ACTIVITY
One exact copy of the listing is needed. It should contain no pictures.

THE DATA
━━━━━━━━━━━━━━━━━━━━━━━━━━━━━━
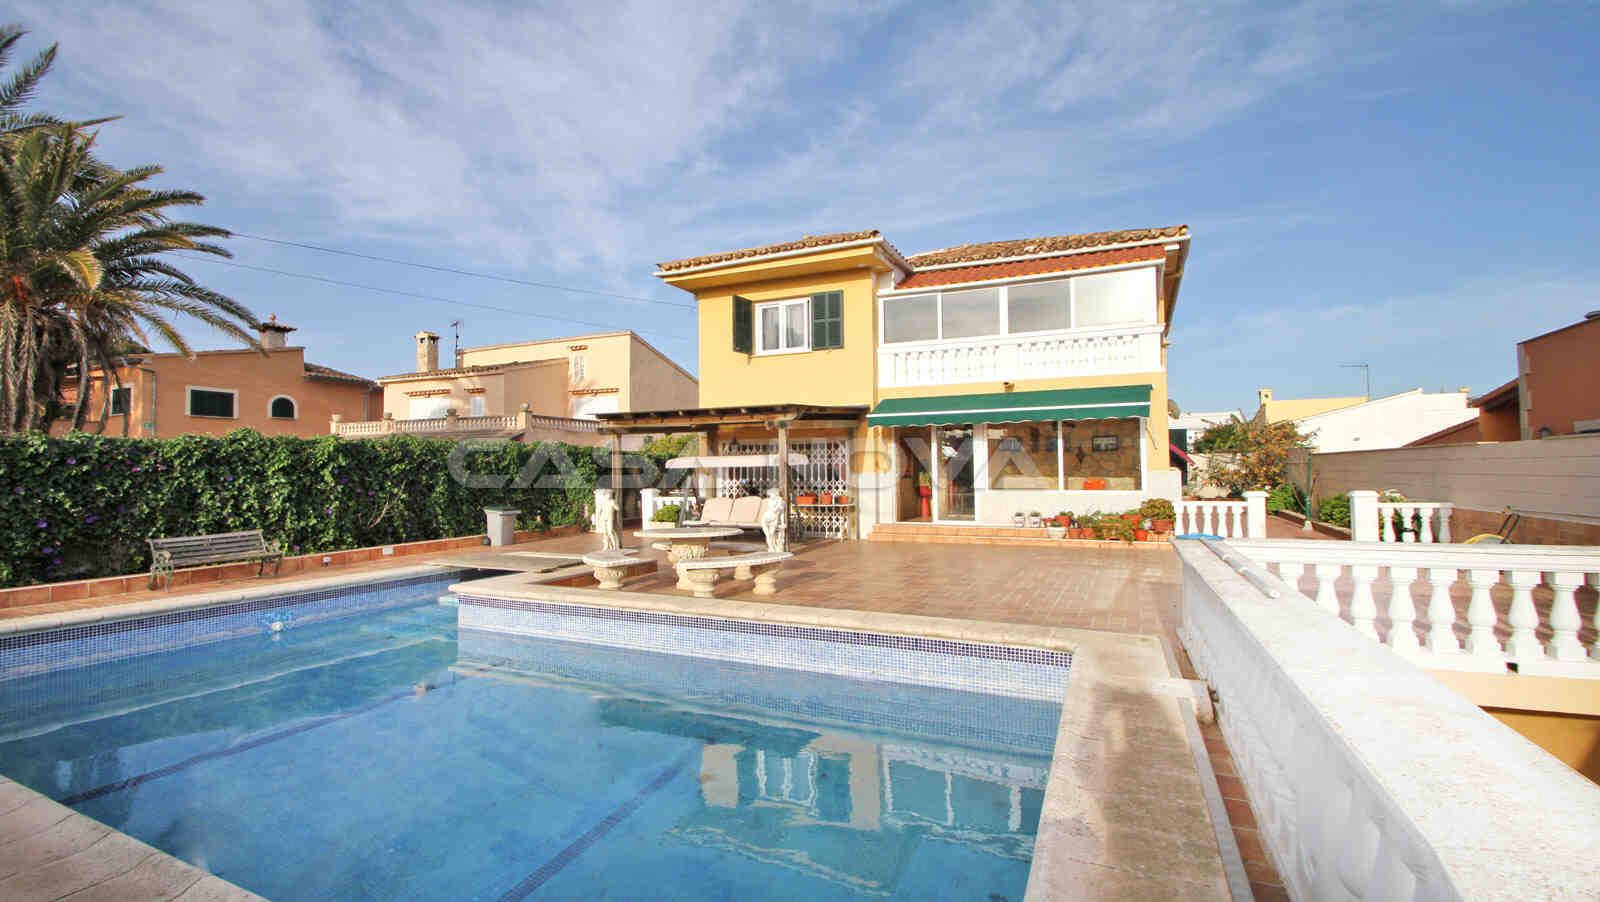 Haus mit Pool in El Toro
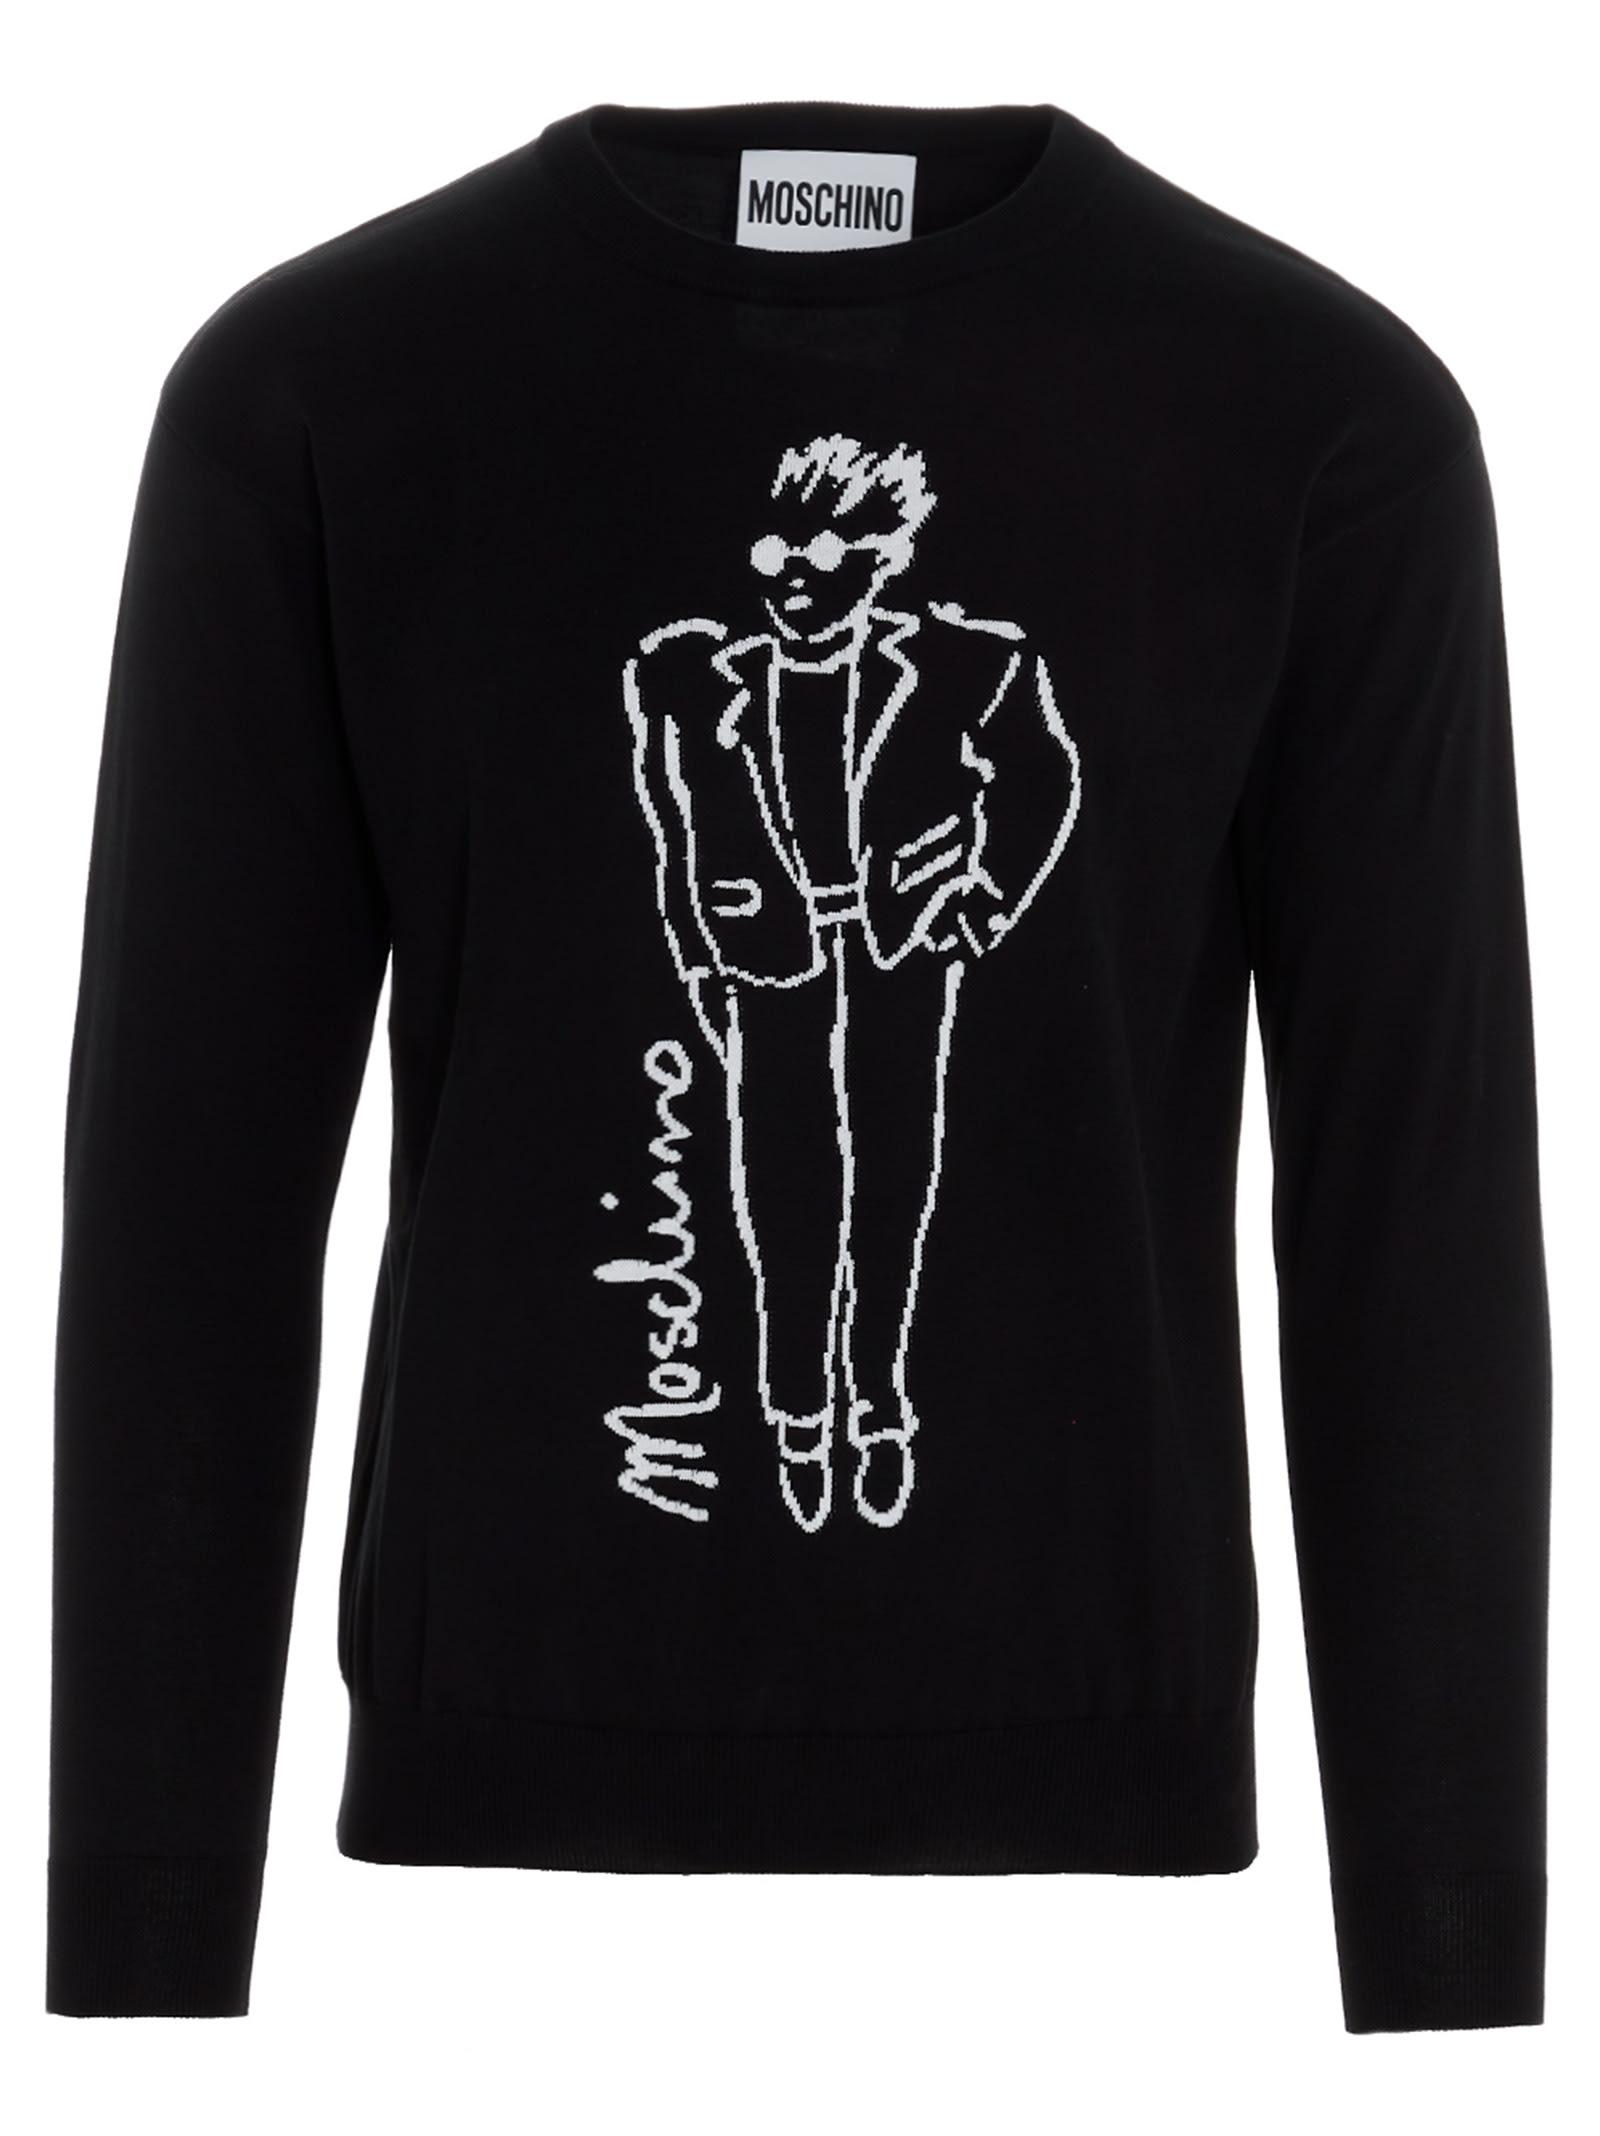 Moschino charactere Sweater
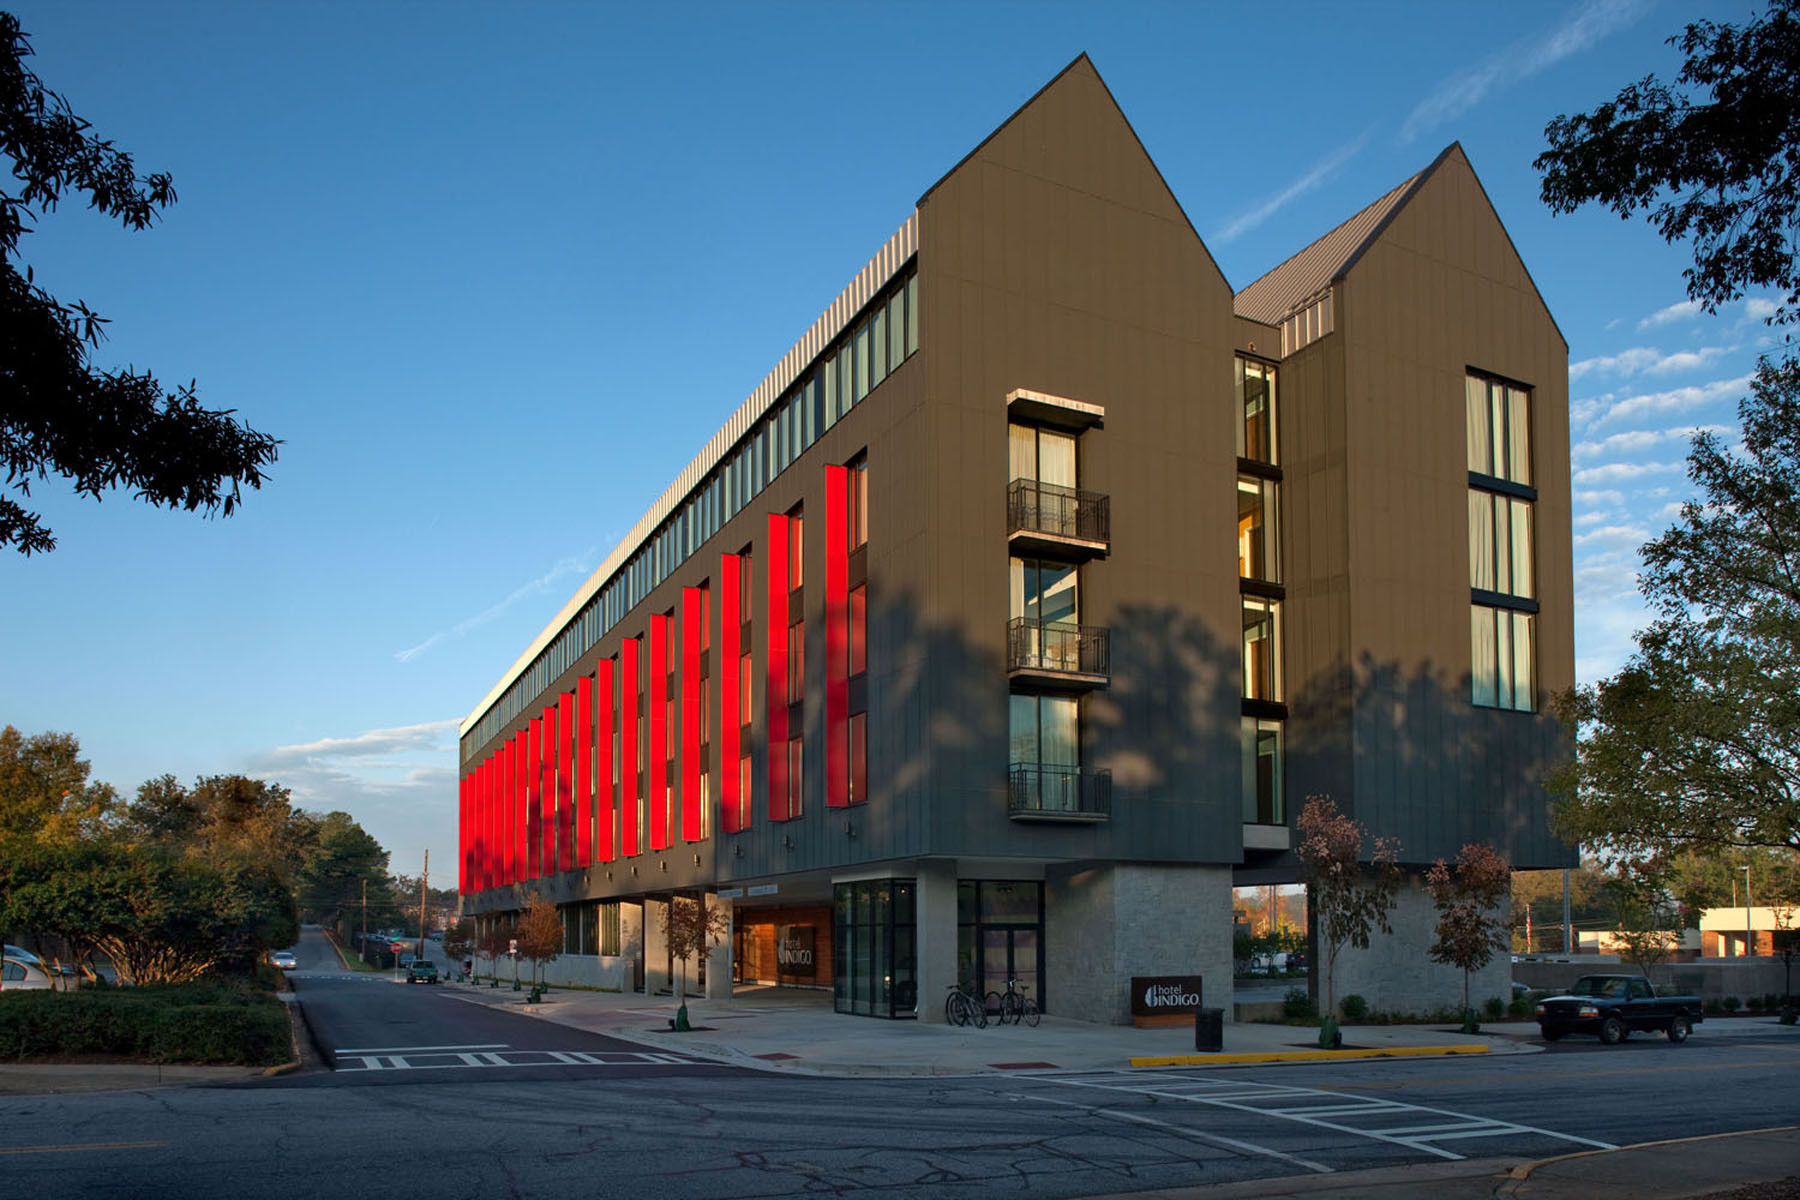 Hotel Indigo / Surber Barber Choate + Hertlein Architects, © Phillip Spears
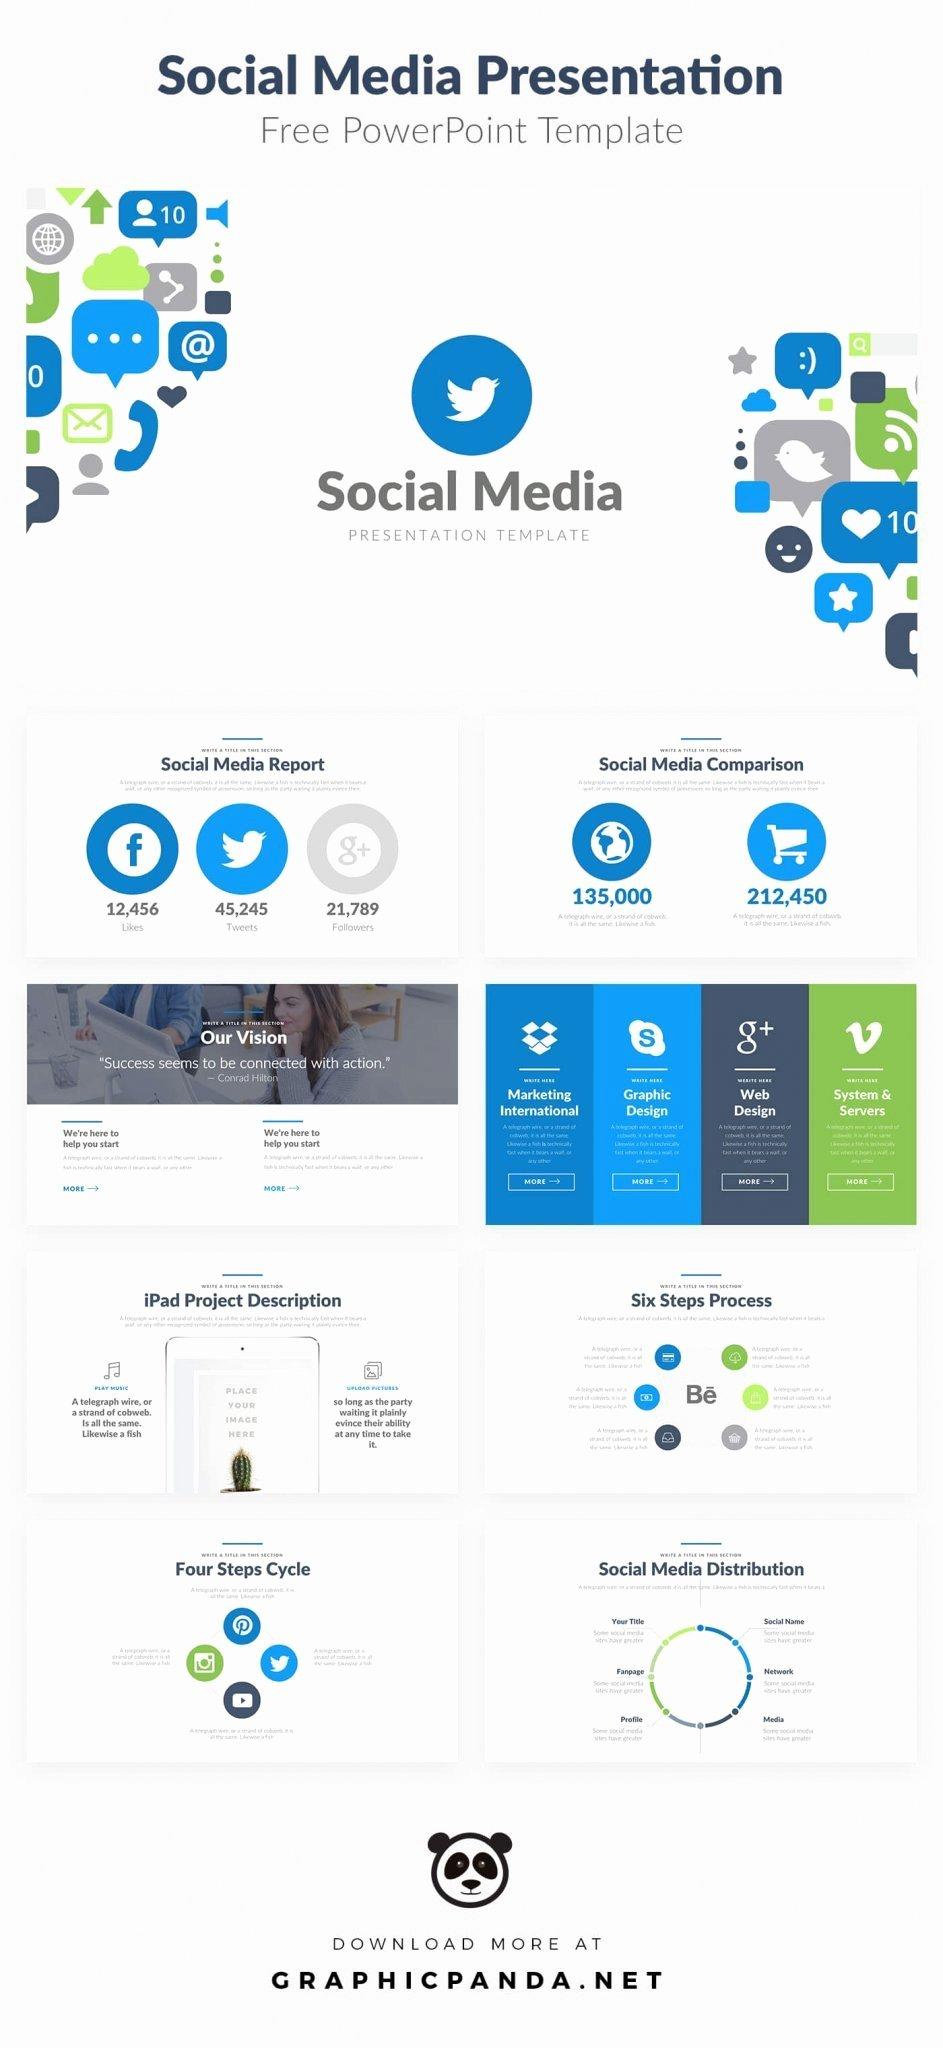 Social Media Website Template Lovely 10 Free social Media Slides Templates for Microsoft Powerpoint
━━━━━━━━━━━━━━━━━━━━━━━━━━━━━━
ANSWER FOR THIS EXERCISE
 Haus mit Pool in El Toro
 Moschino charactere Sweater
 Hotel Indigo / Surber Barber Choate + Hertlein Architects, © Phillip Spears
 Social Media Website Template Lovely 10 Free social Media Slides Templates for Microsoft Powerpoint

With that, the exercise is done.